В этом много пафоса. Много наива. Много дифирамб в сторону СССР. "Песнь всего" -- это модернистский эпос, который формально выполнен в манере "новых" (на тот момент) веяний, а по сути реконструирует мифологическую оптику народного эпоса (что тоже нормально для модернизма, насколько я понимаю). С той разницей, что чисто мифологические функции приобретают другой фасад. Сам Неруда выступает в роли некого барда, воспевающего подвиги культурных героев. Антагонисты в диапазоне от конкистадоров и коррумпированных правительств XX века -- как хтонические силы зла, которые должны быть безоговорочно уничтожены. Народ и коммунистическая партия (с рядом святых и мучеников) -- та же самая хтонь, но на противоположенном полюсе.

В общем, вы поняли мысль.

Мне понравилось. Это тот случай, когда мне не близки взгляды автора и содержание (я просто не знаток истории этого времени и места), но очень близка форма. Мало где можно найти такой размах (отсылки к Уитмену не случайны, его тенденции к тотальности здесь воплощены на 146%), такой радикализм (Неруда в определенной степени переплюнул еще одного своего любимца -- Маяковского) и такую лютую динамику.

Теперь буду искать малую форму. Благо это не так сложно.

"Маисовые люди" Астуриаса примерно об этом же. Опять же советский томик от "Радуги" долго пылился, но сейчас потянуло на современную (условно) зарубу и почему бы и нет, учитывая что один его романчик в юности меня сильно зацепил.

Об этом же, но другими средствами. Тут нет углубления в исторический контекст, пространство романа существует в более универсальной временной (безвременной, перспектива постоянно сдвигается -- микроистория про спившегося индейца на следующей странице превращается в предания старины, а превращающийся в койота почтальон в объективную здесь и сейчас реальность) шкале, условные колонисты и капиталисты Неруды тут просто "злые люди", которые доят землю для выращивания и продажи маиса. Универсум Астуриаса еще более мифологичен и магичен и выстроен вокруг ярко выраженной анимистской картины мира. Именно это и завораживает. У него нет каких-то хитрых формальных приемов, по форме "Маисовые люди" -- кондовый реализм без "изысков", но структурно и концептуально это выстроено так, что на выходе получается более фантастичная фантастика, чем у общепризнанных идолов собственно фантастики.

Во многом потому, что фантастика Астуриаса -- это та самая фантастика, которая существовала еще до выделения в отдельную жанровую единицу. Это сам принцип построения текста и конструирования мирообраза. Можно сказать, что это ближе к Гоголю, чем даже к Лавкрафту или По. Пресловутый мирообраз Астуриаса очень неоднозначен и очень подвержен размыванию границ между номинальным "бытом" и мифологической реальностью.

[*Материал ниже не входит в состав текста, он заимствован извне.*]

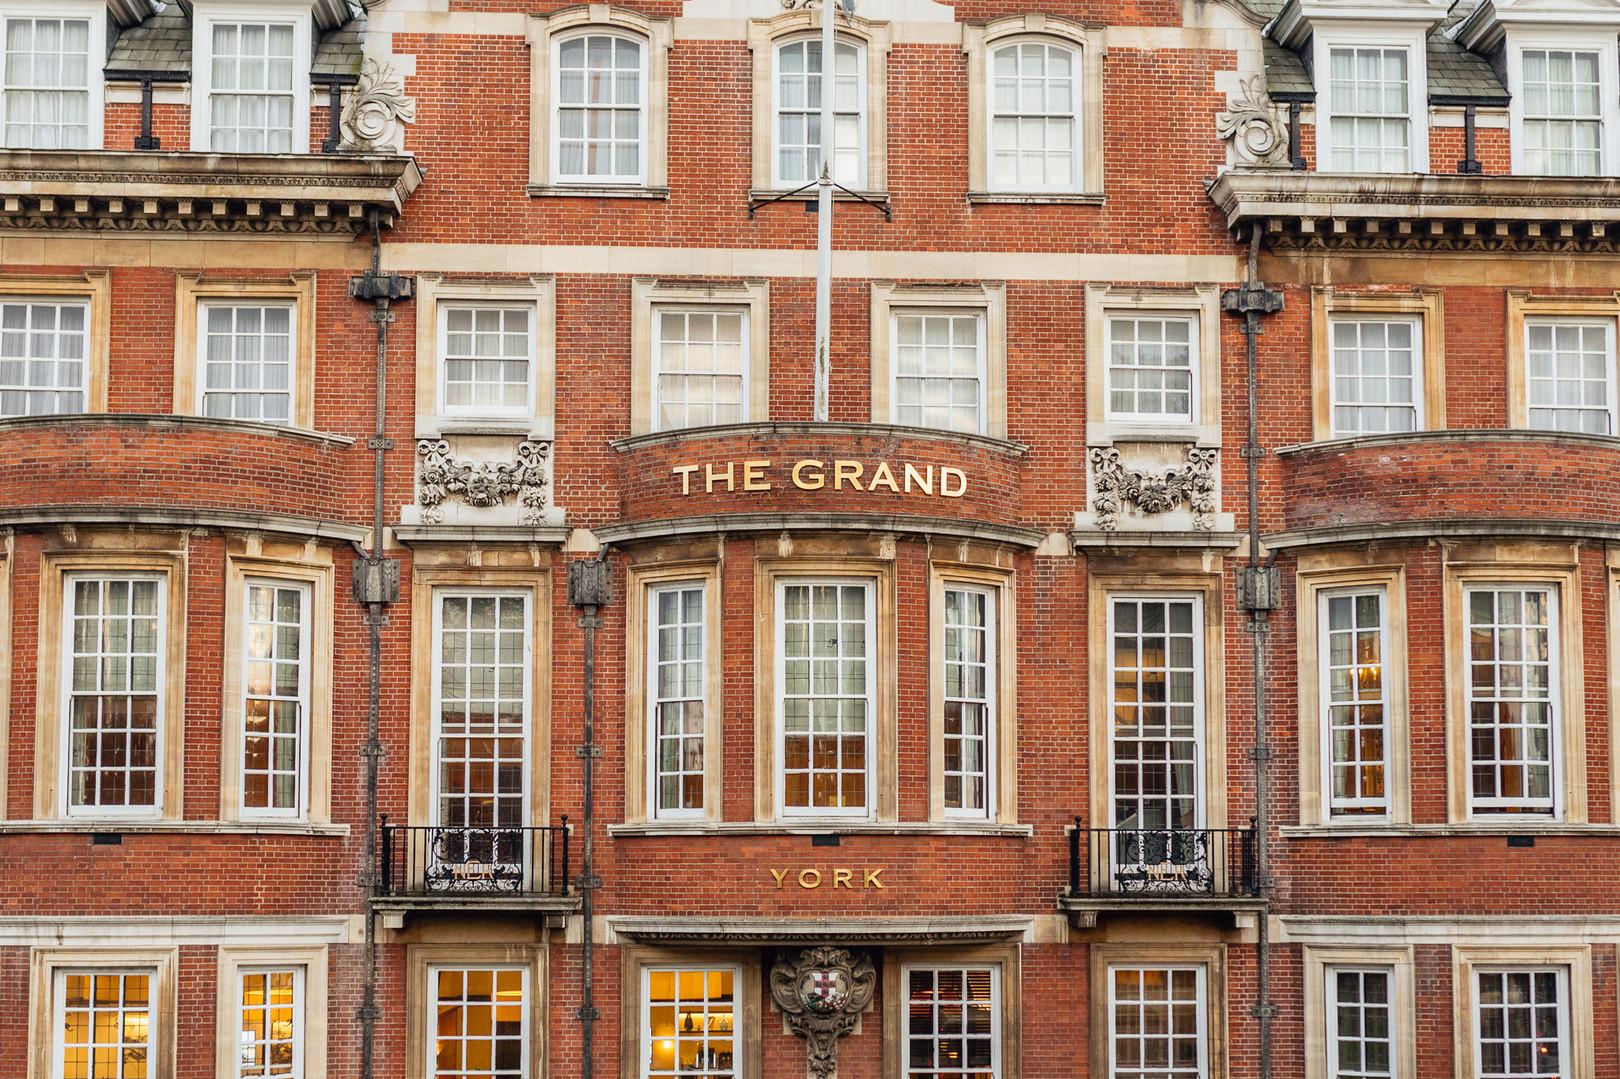 the grand york venue

У Астуриаса это одно и то же.

В процессе:

"Поэтический мир" Андрея Монастырского. Монастырский -- концептуалист из обоймы Пригова, Рубинштейна, Кибирова и так далее. Он более известен своими перфомансами, и это издание скорее архивное. Его литературная часть как бы переферийна по отношению к основному творческому направлению. Очень хорошо видно, что чистая литература не могла выразить всего, что нужно автору. По форме -- самые обычные концептуалистские высказывания. Только довольно длинные. Минимум эстетики, максимум структуры и концепции. Но вместо элементов современной ему советской реальности, материалом для манипуляций становятся экзистенциальные и онтологические величины. Вы хотите шекспировское "быть или не быть..." растянутое на пару сотен страниц в потоке механизированной лингвистической игры? Вот и оно.

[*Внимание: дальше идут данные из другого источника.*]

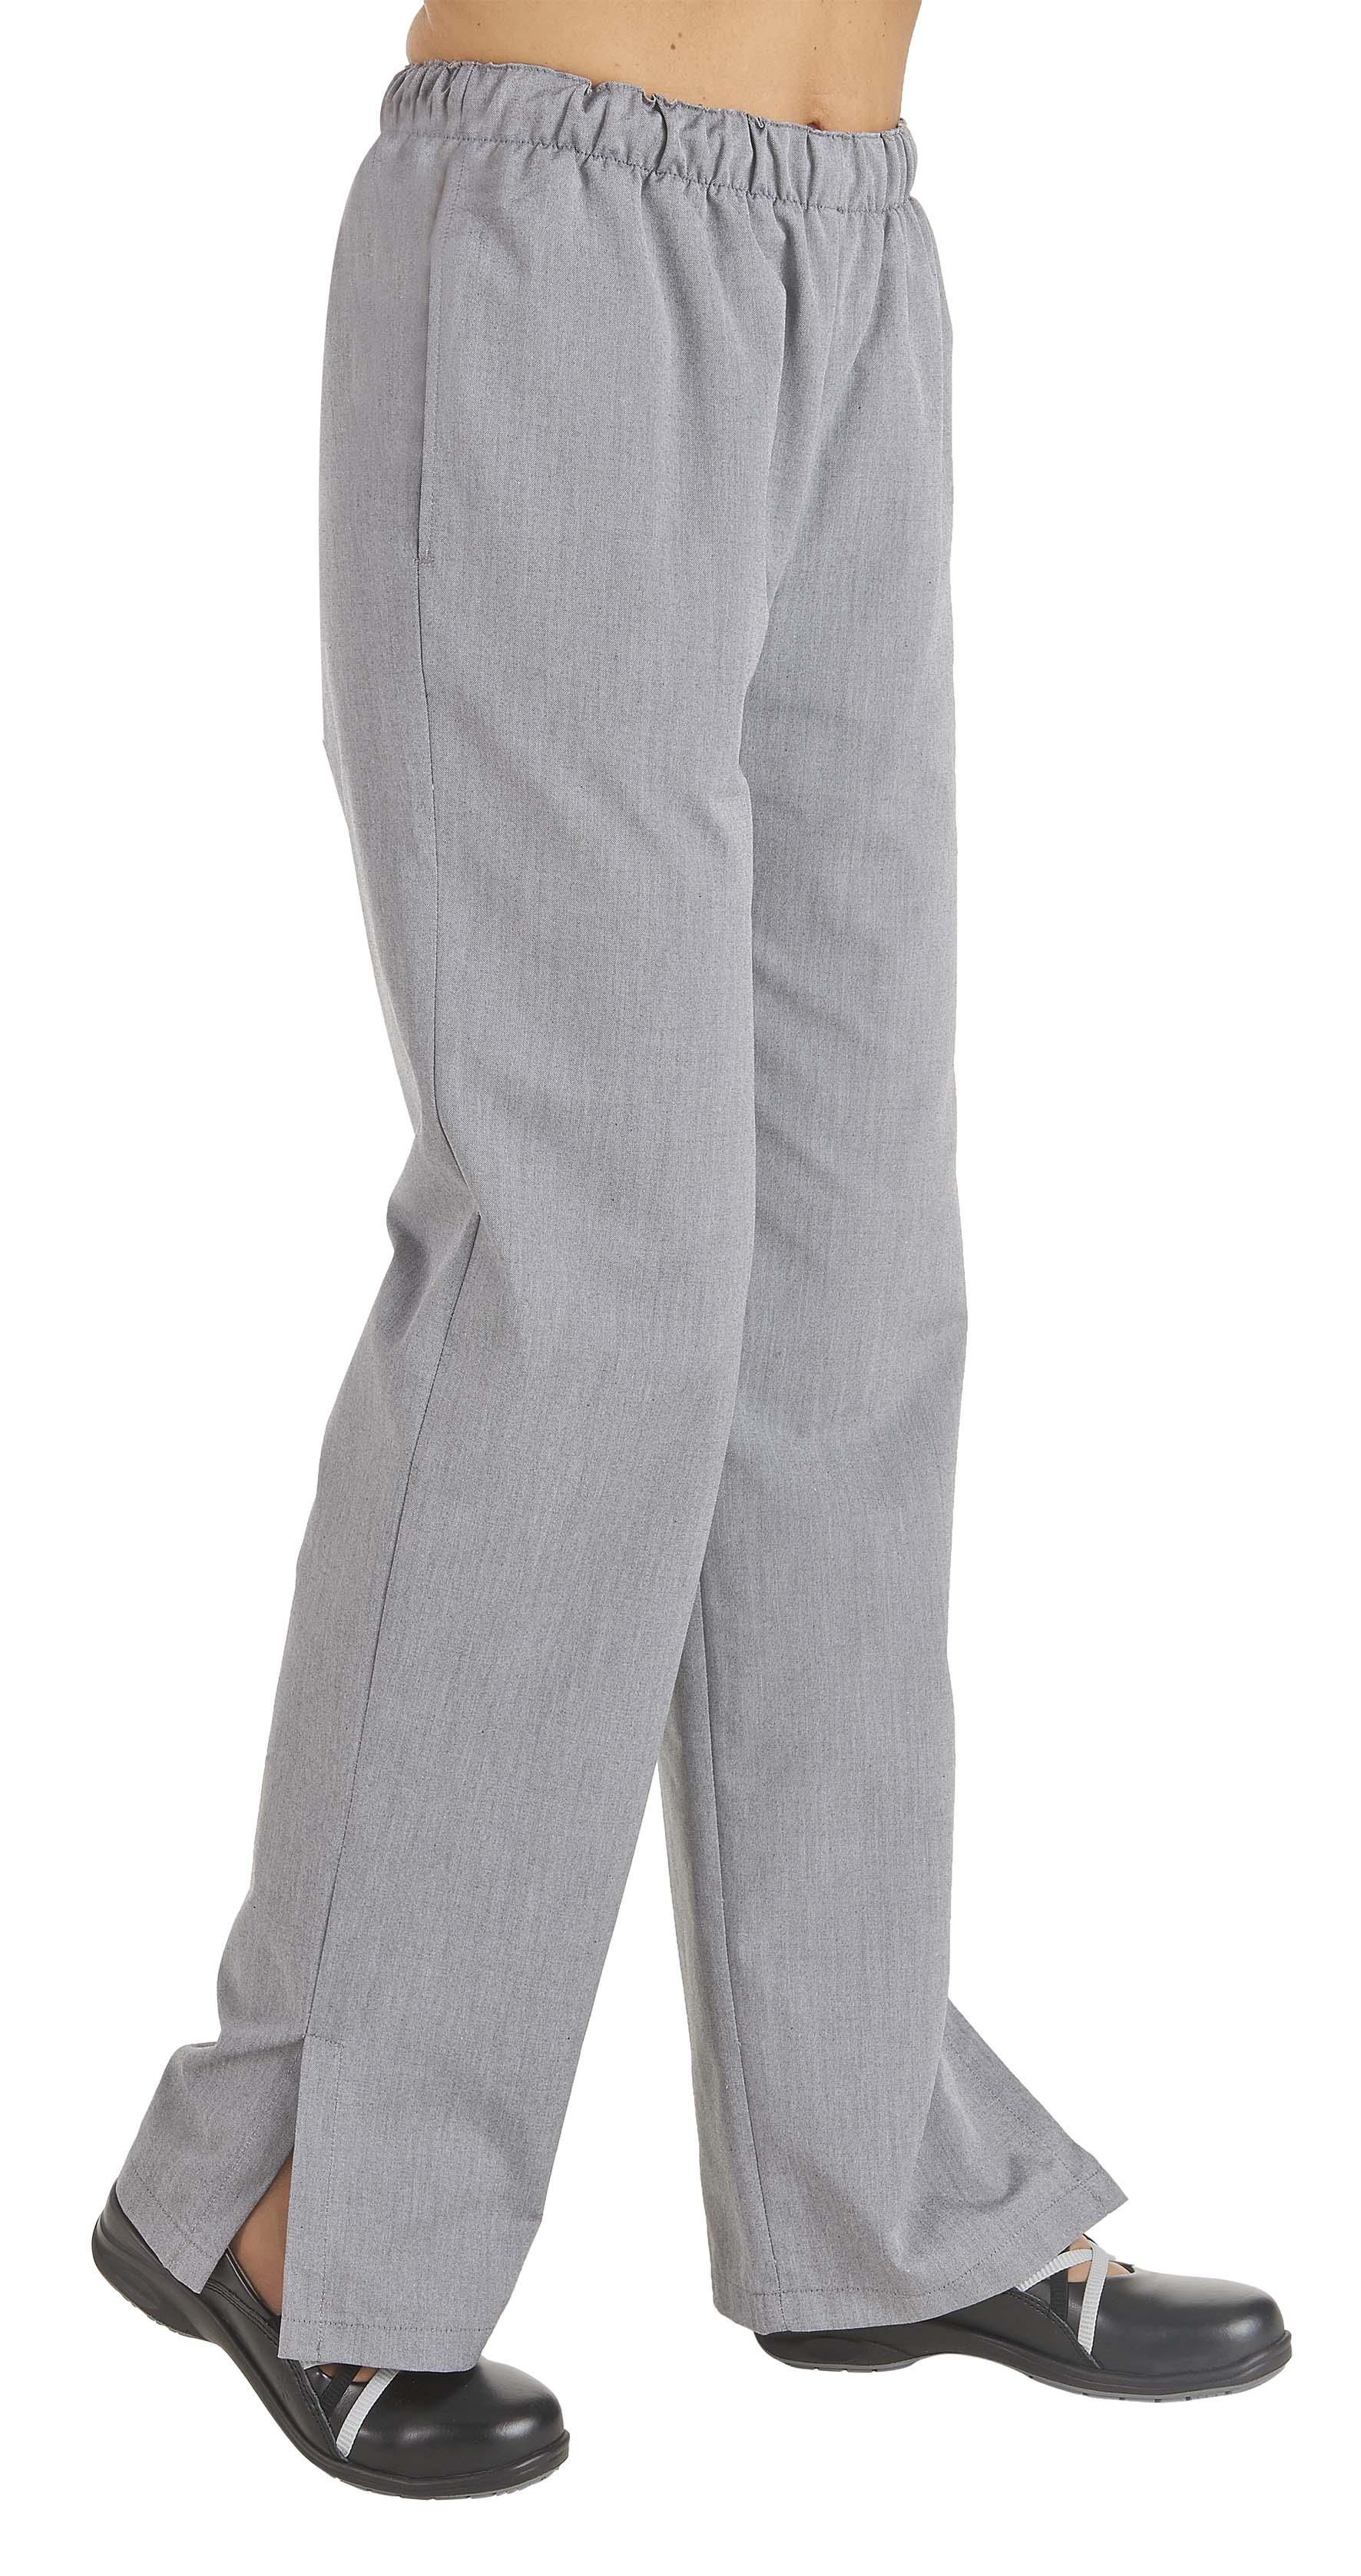 Pantalon de cuisine 1267 v tements pour les professionnels professionnel - Vetements de cuisine professionnel ...

"Ничейного отца дети" Арно Шмидта. Немецкий модернизм на почве пережевывания исторической травмы нацизма. У нас очень скудно и редко такое издают, и занимаются этим в основном колонна и лимбах. Те Ханс Хенни Янн, Деблин, более поздний Йиргль и тд и тп.

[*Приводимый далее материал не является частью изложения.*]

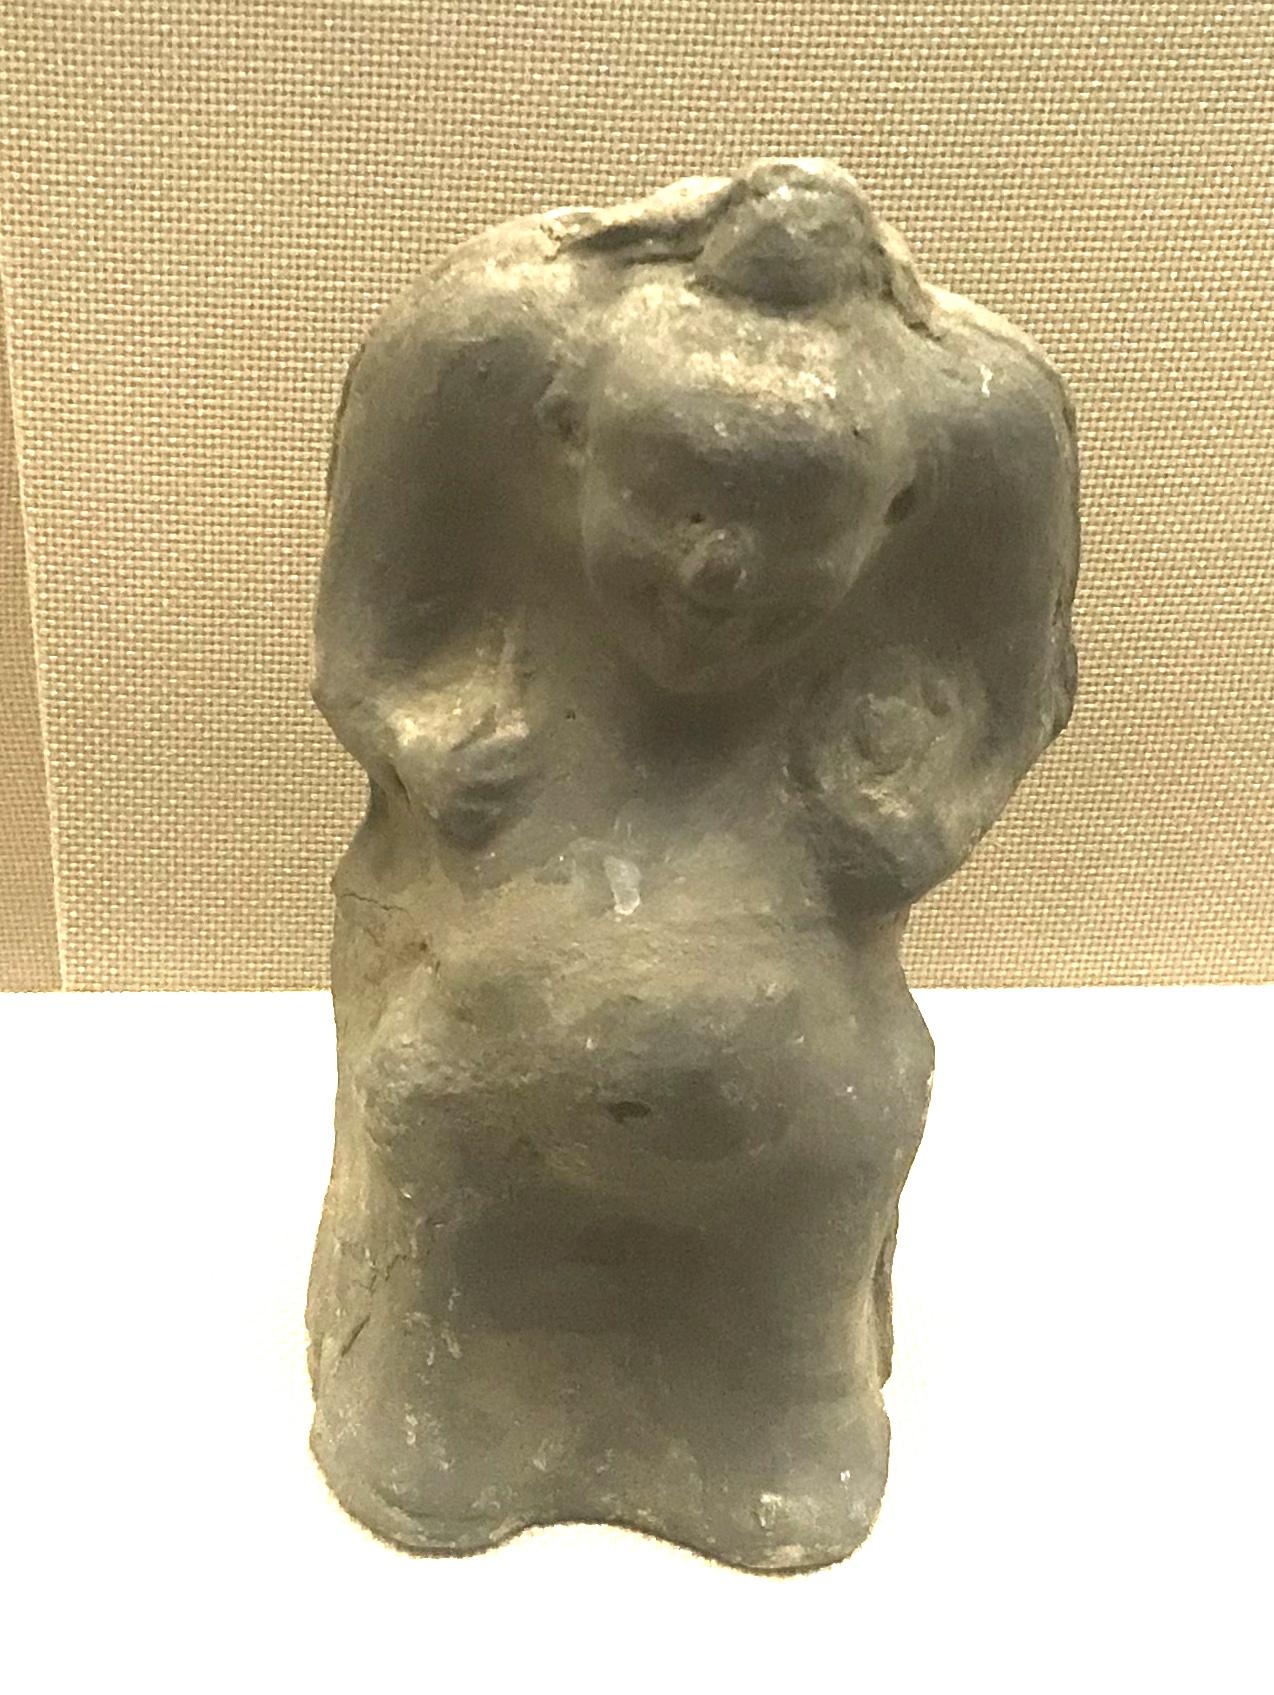 陶説唱俑3-東漢-四川漢代陶石芸術館-四川博物院-成都

"Ничейного отца дети" -- трилогия из небольших романов. На данный момент осилен только первый. Вкратце: содержательно это бесхитросный авторский монолог на тему хреновости нацизма, Гитлера и воспрнявшего его социума. Формально -- полудневник провинциального чиновника. Интересно то, как это оформлено. Роман состоит из коротких тематических блоков, каждый из которых выделен ключевой фразой (мыслью, ситуацией, суждением и тд). Они идут хронологически и формируют сюжет, но сюжет тут скорее на втором плане. На первом -- рефлексия лирического героя на тему быта и политики через какие-то частные сценки. Читать это как минимум интересно.